## EXERCISE DIRECTIONS
Where a line of the data below has the string "Gauche", copy that line.

====== INFORMATION PROVIDED

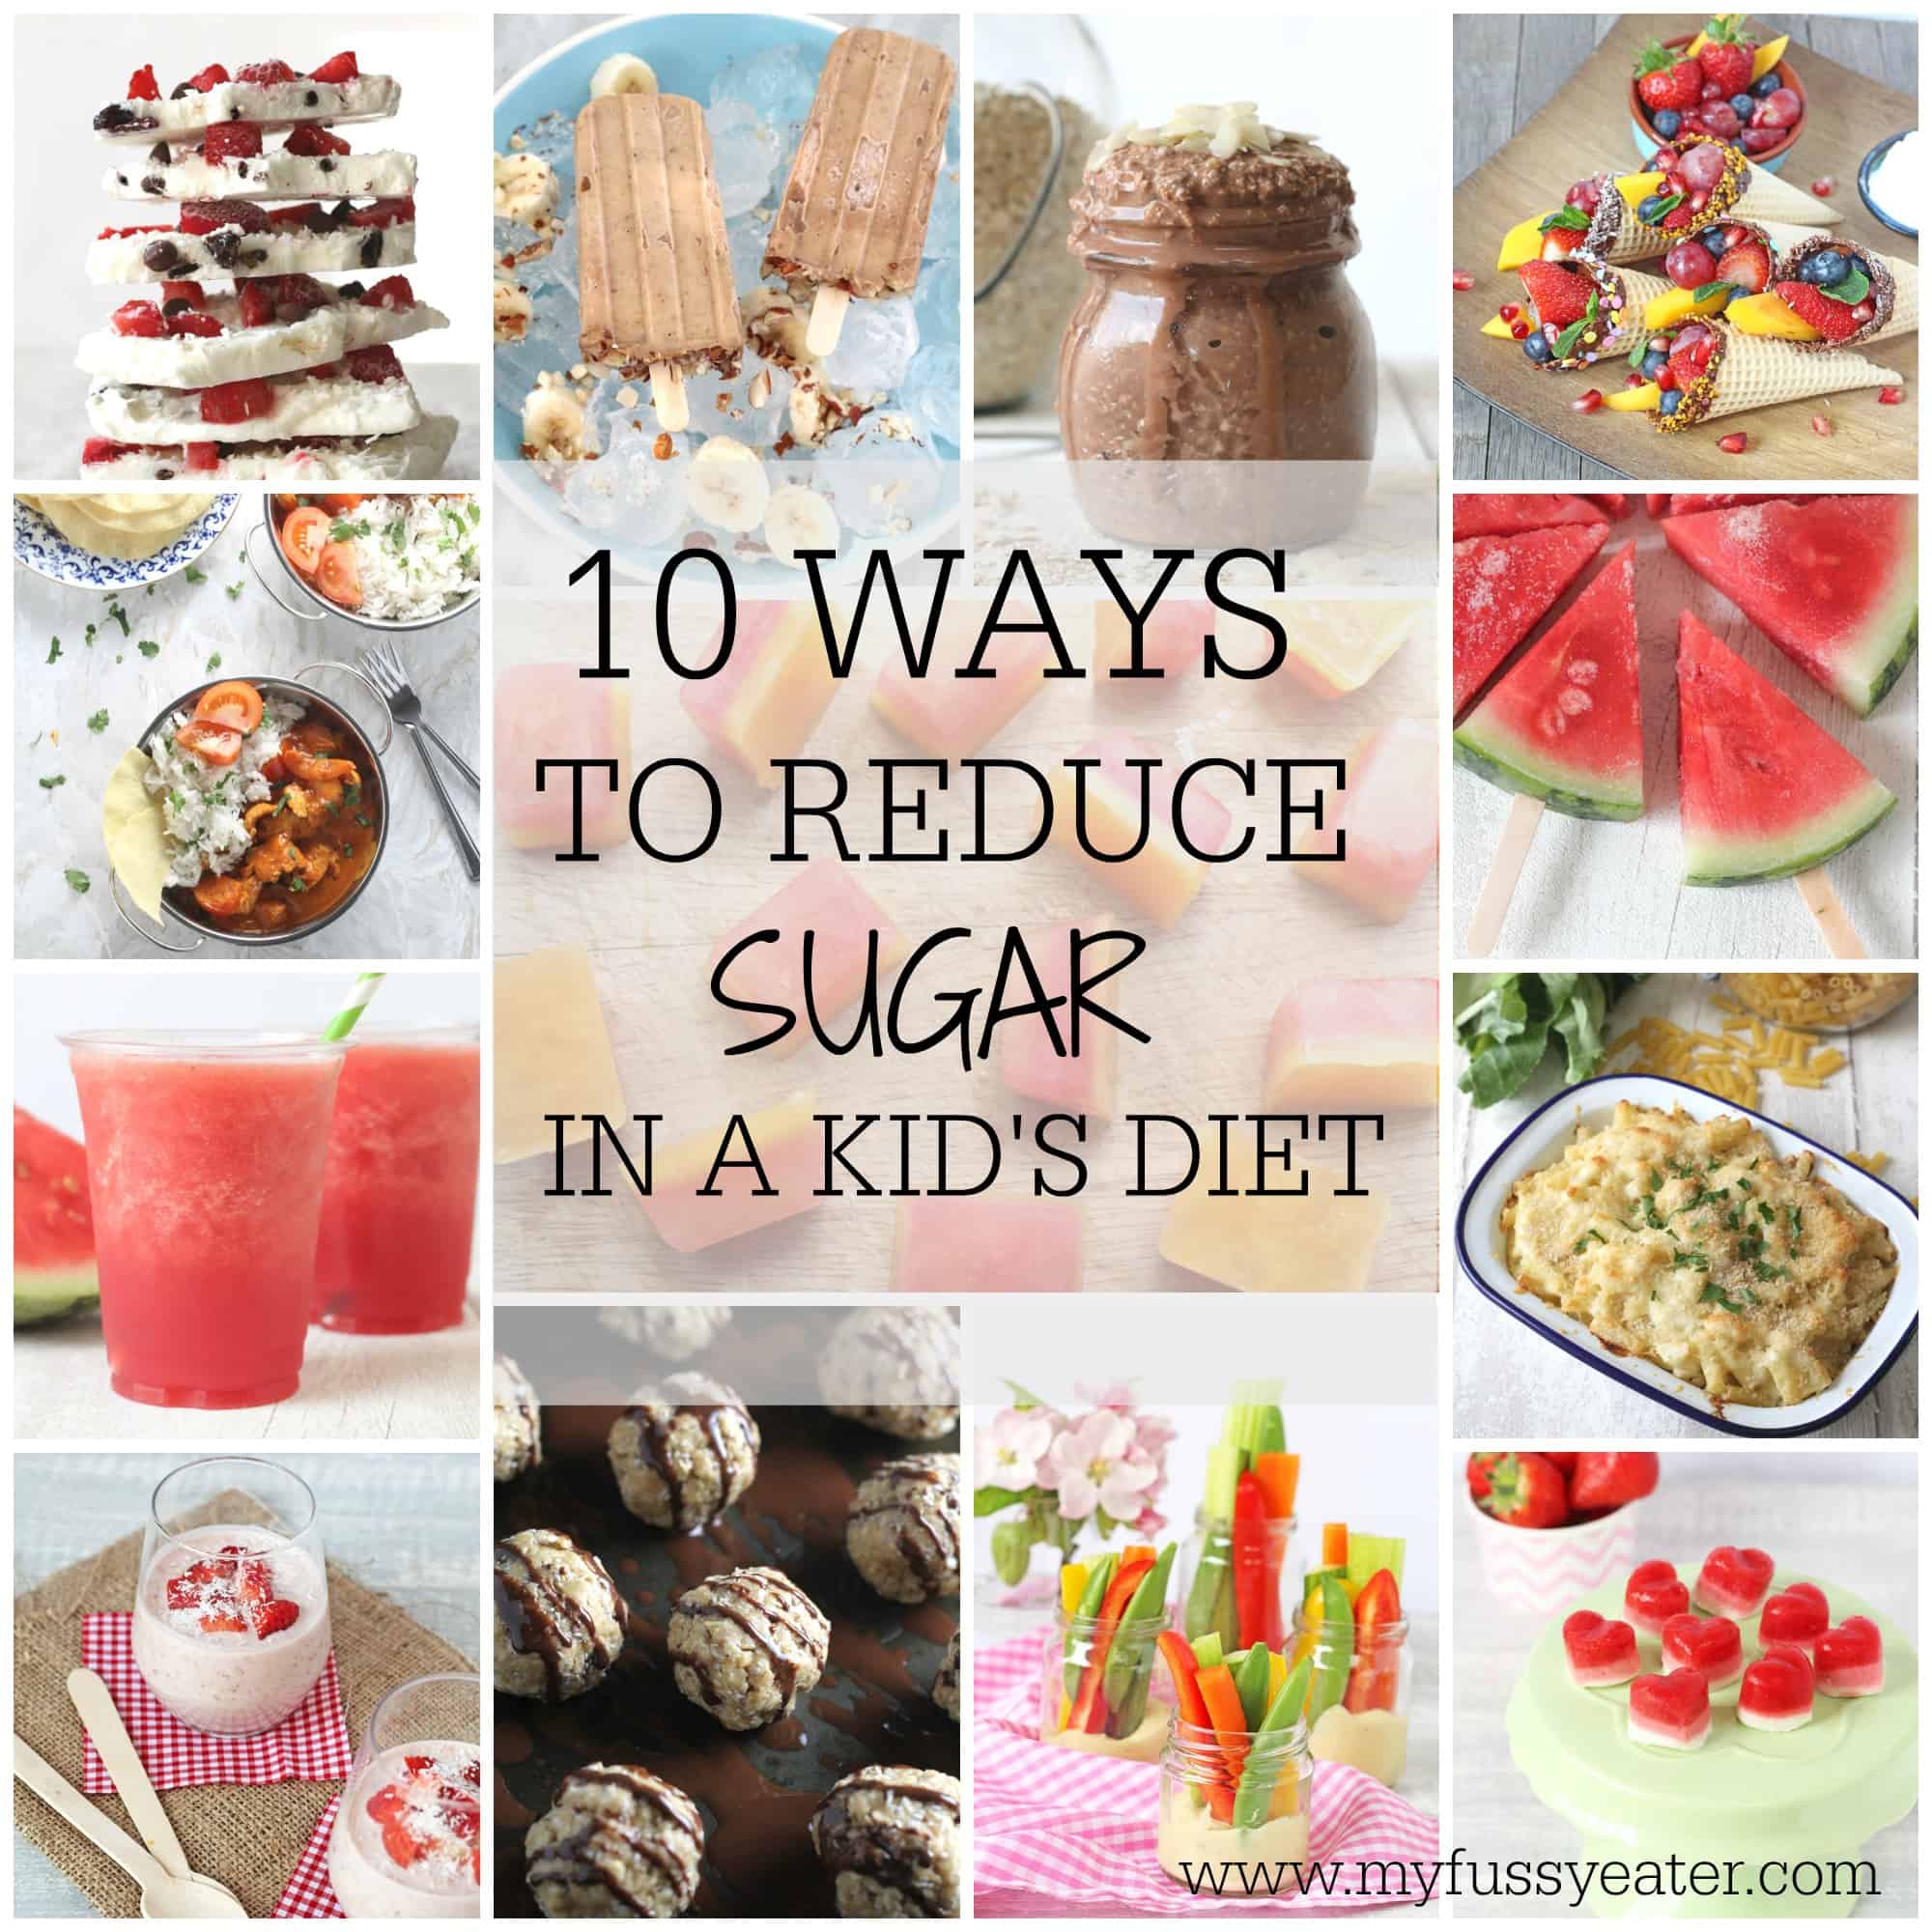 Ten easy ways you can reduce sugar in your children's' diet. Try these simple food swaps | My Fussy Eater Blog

============
====== INFORMATION PROVIDED

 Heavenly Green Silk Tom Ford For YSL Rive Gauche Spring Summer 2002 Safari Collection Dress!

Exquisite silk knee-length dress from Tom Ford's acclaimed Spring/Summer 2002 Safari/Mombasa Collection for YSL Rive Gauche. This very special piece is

============
====== INFORMATION PROVIDED

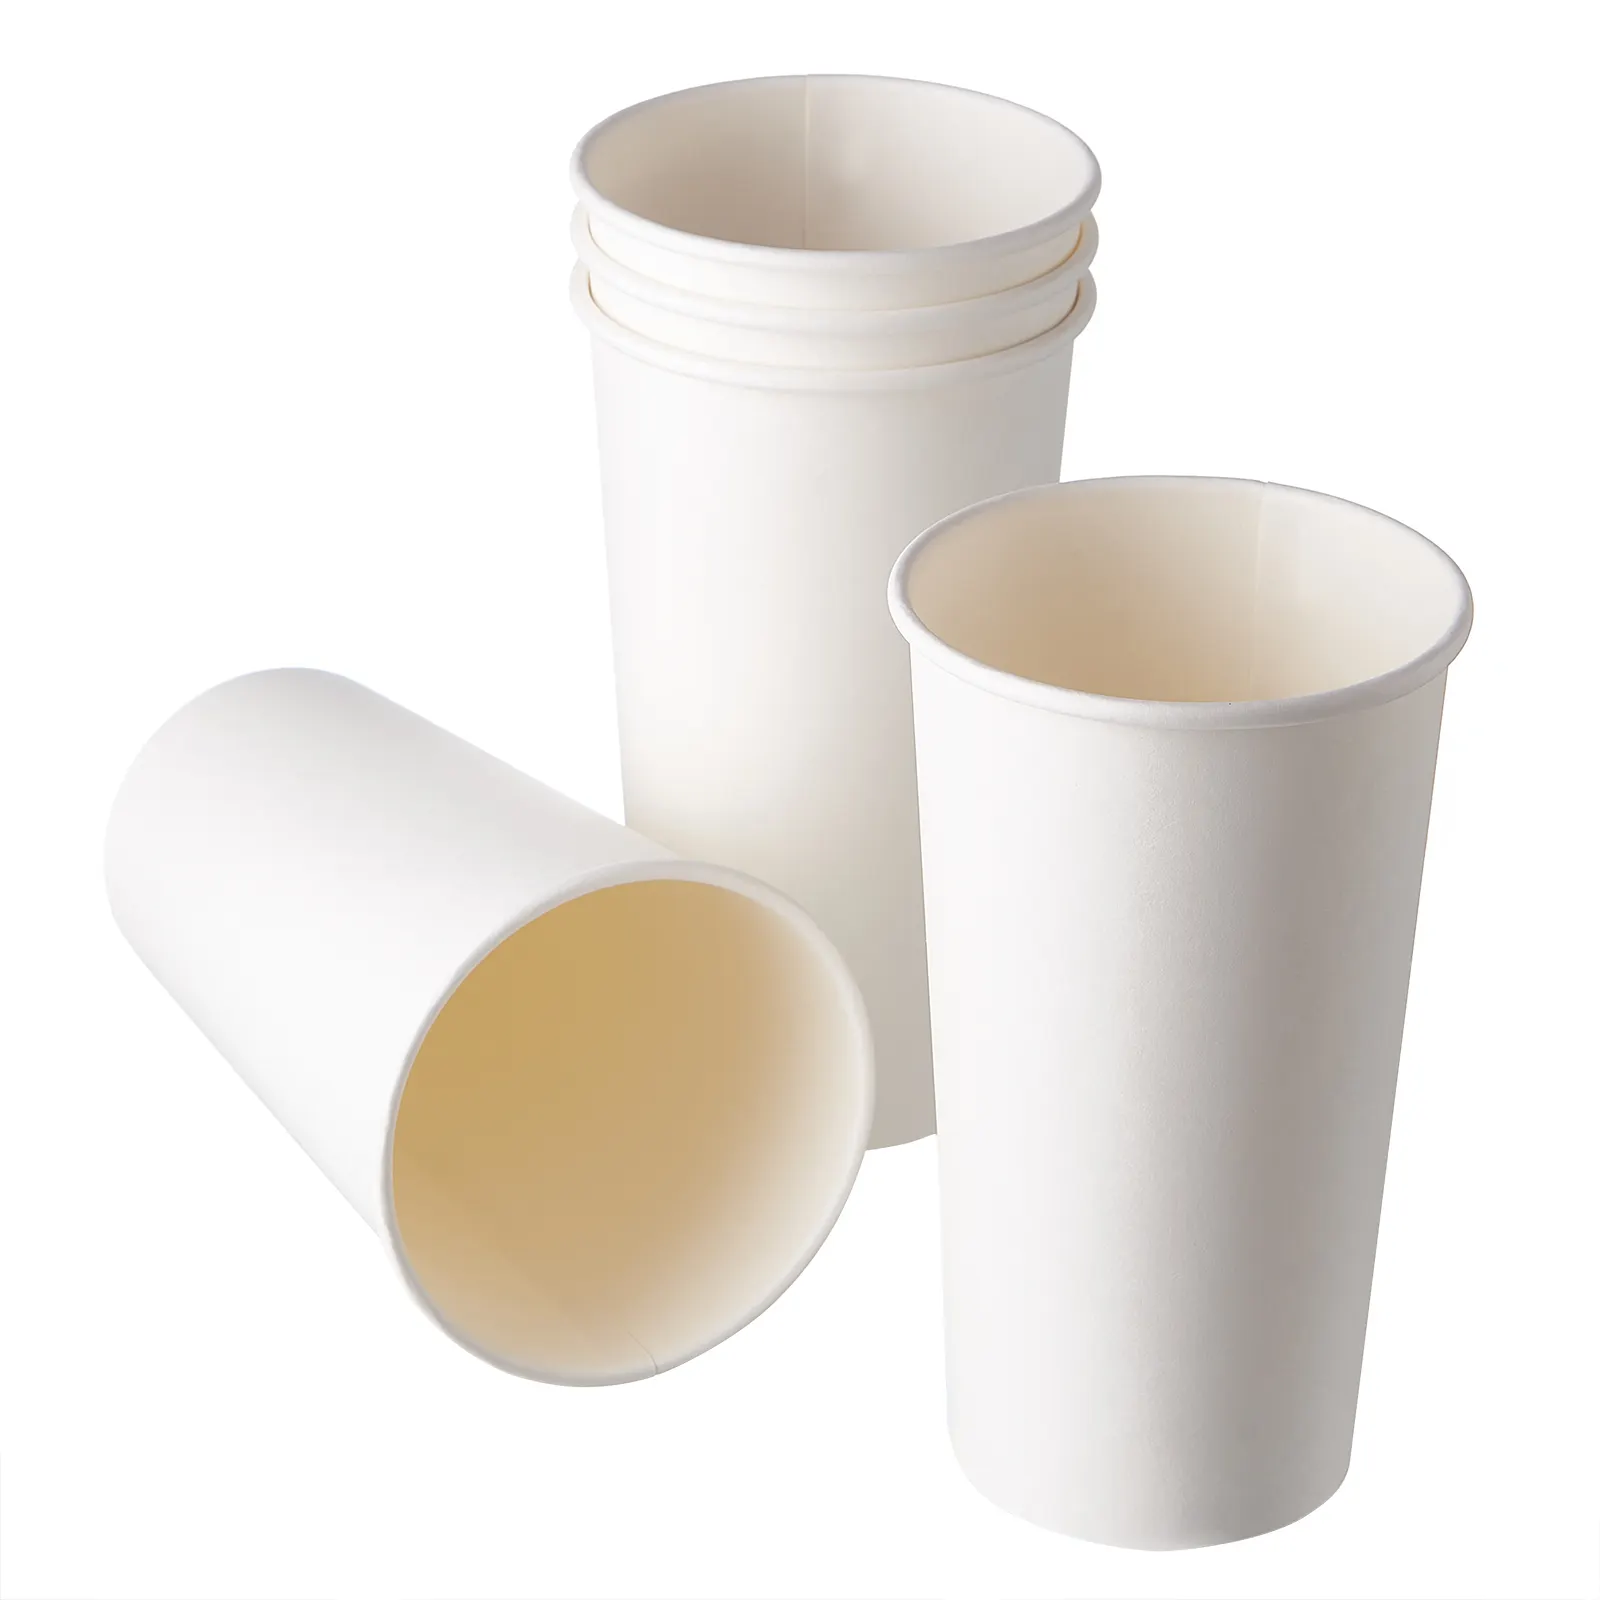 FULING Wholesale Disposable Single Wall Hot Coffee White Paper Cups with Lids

============

## RESPONSE
 Heavenly Green Silk Tom Ford For YSL Rive Gauche Spring Summer 2002 Safari Collection Dress!
Exquisite silk knee-length dress from Tom Ford's acclaimed Spring/Summer 2002 Safari/Mombasa Collection for YSL Rive Gauche. This very special piece is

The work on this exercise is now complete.